Yes, it looks like a neural network activation function. That’s because it is. This kernel originated from early attempts to make SVMs behave like neural nets. Here’s the honest truth: it’s rarely a good choice. Its behavior is erratic and it’s not even guaranteed to be a valid kernel (i.e., positive semi-definite) in all situations, which can cause the optimization to fail or behave poorly. I’m mentioning it so you know it exists, but my strong advice is to steer clear unless you have a very specific, documented reason to use it and you’re willing to spend hours tuning gamma and r (often called coef0 in libraries) to maybe, possibly, get it to work. Just use RBF.

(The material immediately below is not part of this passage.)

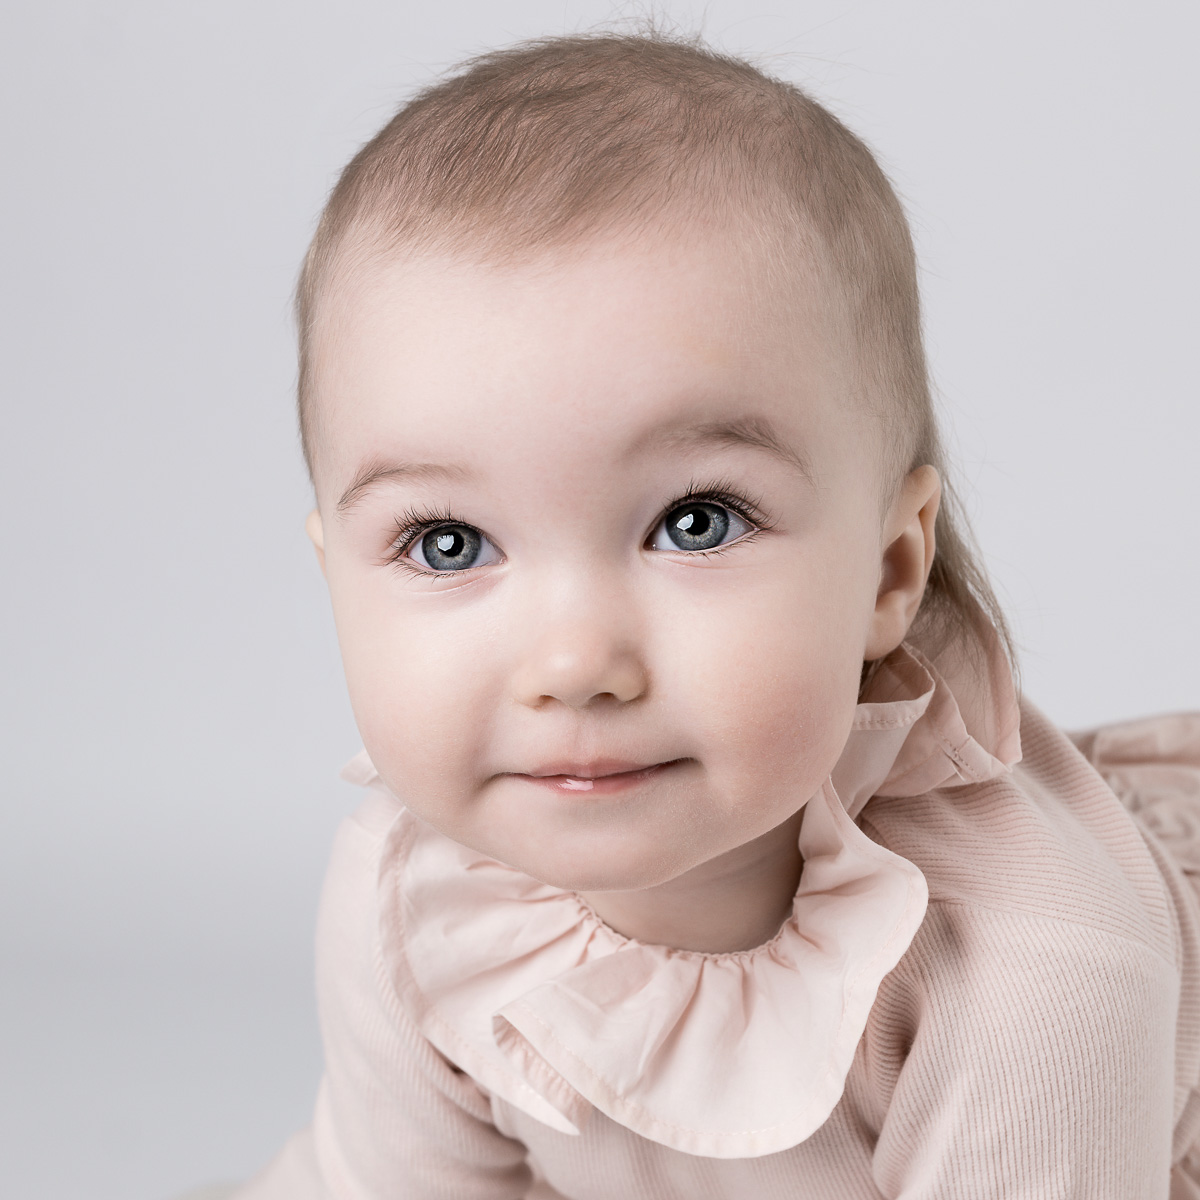 BABYFOTOGRAFERING I STUDIO, babyfoto 3 månaders, 1-årsfotografering, 1 års foto

Best Practices and Pitfalls

Scale Your Data: I said it before, I’ll scream it from the rooftops. Kernels like RBF and Polynomial are based on distances and dot products. If one feature has a range of 0-1000 and another has a range of 0-1, the first feature will completely dominate the calculation. Use StandardScaler or MinMaxScaler. Always.
Tune Hyperparameters Systematically: Don’t guess. Use GridSearchCV or RandomizedSearchCV to find the best C and gamma (and degree if you’re brave enough for Polynomial). Your model’s performance is almost entirely dependent on this.
Beware of Overfitting (The RBF Special): A model with a very high gamma and a very high C will create an incredibly complex boundary that perfectly separates every training point, including the noise. It will be useless on new data. Your validation score is your truth detector.
Interpretability Goes Out the Window: The moment you use any of these kernels, you can no longer look at the coefficients of the SVM and explain the model in the original feature space. The “support vectors” are your model now. You’re trading interpretability for power.